Supreme Court Deals Another Major Blow To Transgender Rights
HuffPost
This decision could set a precedent for other challenges to laws barring transgender people from participating in sports, using bathrooms and accessing health care.
In a landmark ruling that could dramatically reshape how transgender rights and sex discrimination cases are handled by the courts for years to come, the Supreme Court on Wednesday upheld Tennessee’s law banning gender-affirming care for minors in a 6-3 ruling.
Chief Justice John Roberts authored the majority opinion while justices Elena Kagan, Sonia Sotomayor, and Ketanji Brown Jackson dissented. In the ruling, the court held that the Tennessee ban was not subject to heightened scrutiny, allowing the ban to remain in place.

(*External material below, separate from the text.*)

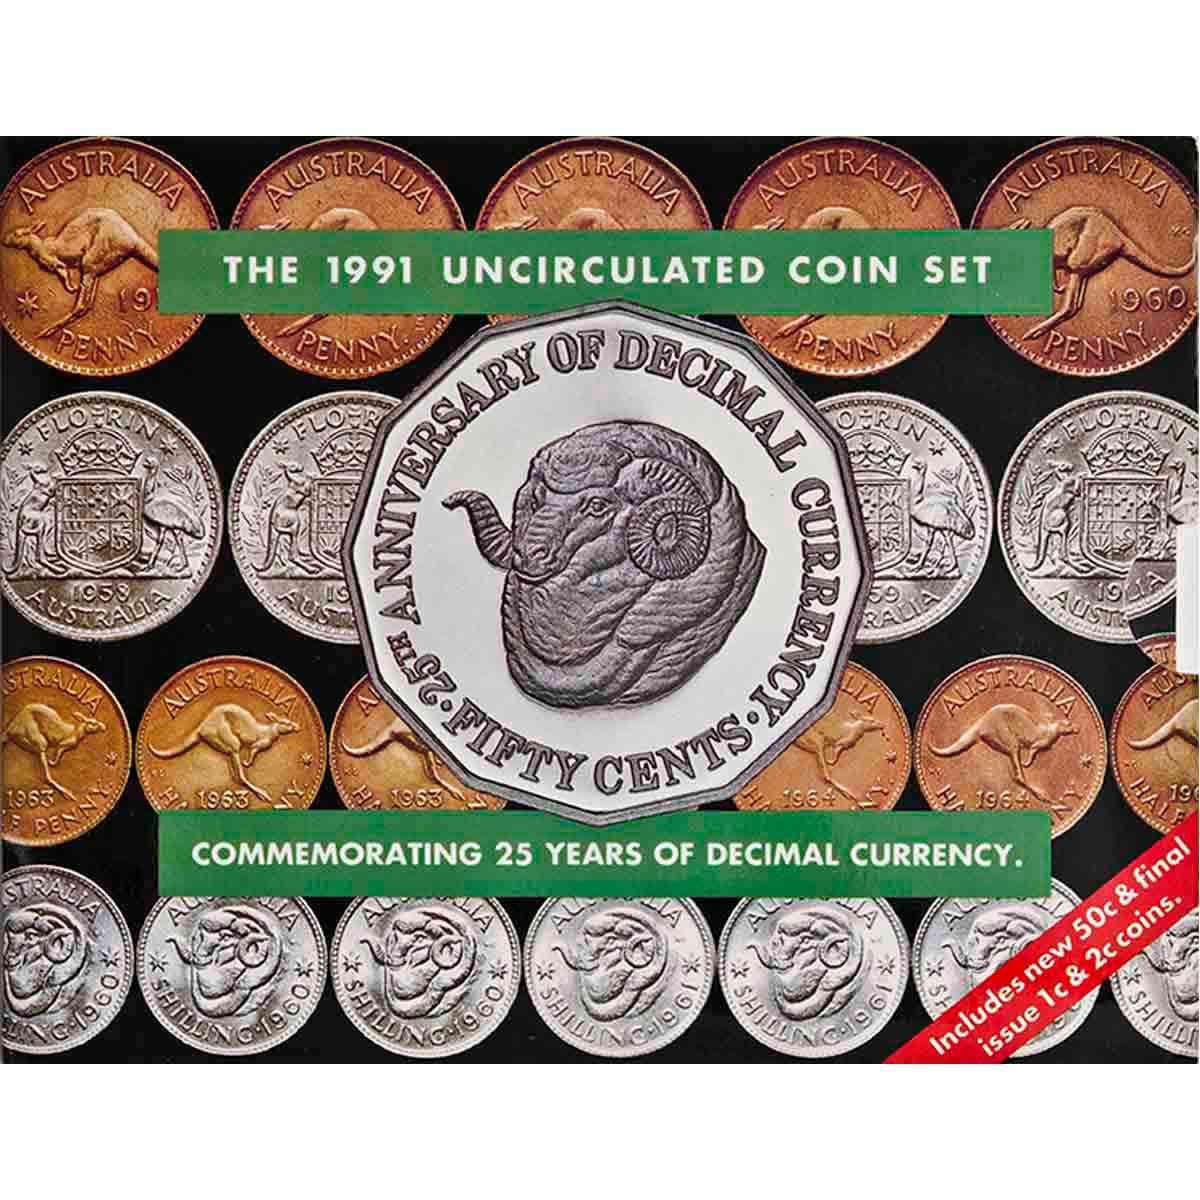 1991 Royal Australian Mint Uncirculated 6 Coin Set - 25th Anniversary of Decimal Currency - Loose Change Coins

This decision could set a precedent for other challenges to laws barring transgender people from participating in sports, using bathrooms and accessing health care. It also marks the second blow the Supreme Court has dealt to transgender rights advocates recently, after the highest court allowed President Donald Trump’s ban on transgender service members in the military to take effect in May.
At the heart of United States v. Skrmetti is Tennessee’s Senate Bill 1, which passed in March 2023 and banned gender-affirming care, such as puberty blockers and hormone therapy for minors, as well as surgical care, which is already extremely rare. Less than a month after the bill was signed into law, three families of trans youth and one Memphis-based doctor filed a lawsuit, alleging that SB 1’s provisions on hormones and puberty blockers violated the equal protection clause of the 14th Amendment, which has been interpreted to include discrimination based on sex since the 1970s.
The Supreme Court’s ruling clears the way for officials in Tennessee and other states to deny gender-affirming treatments like puberty blockers and hormone therapy to transgender youth.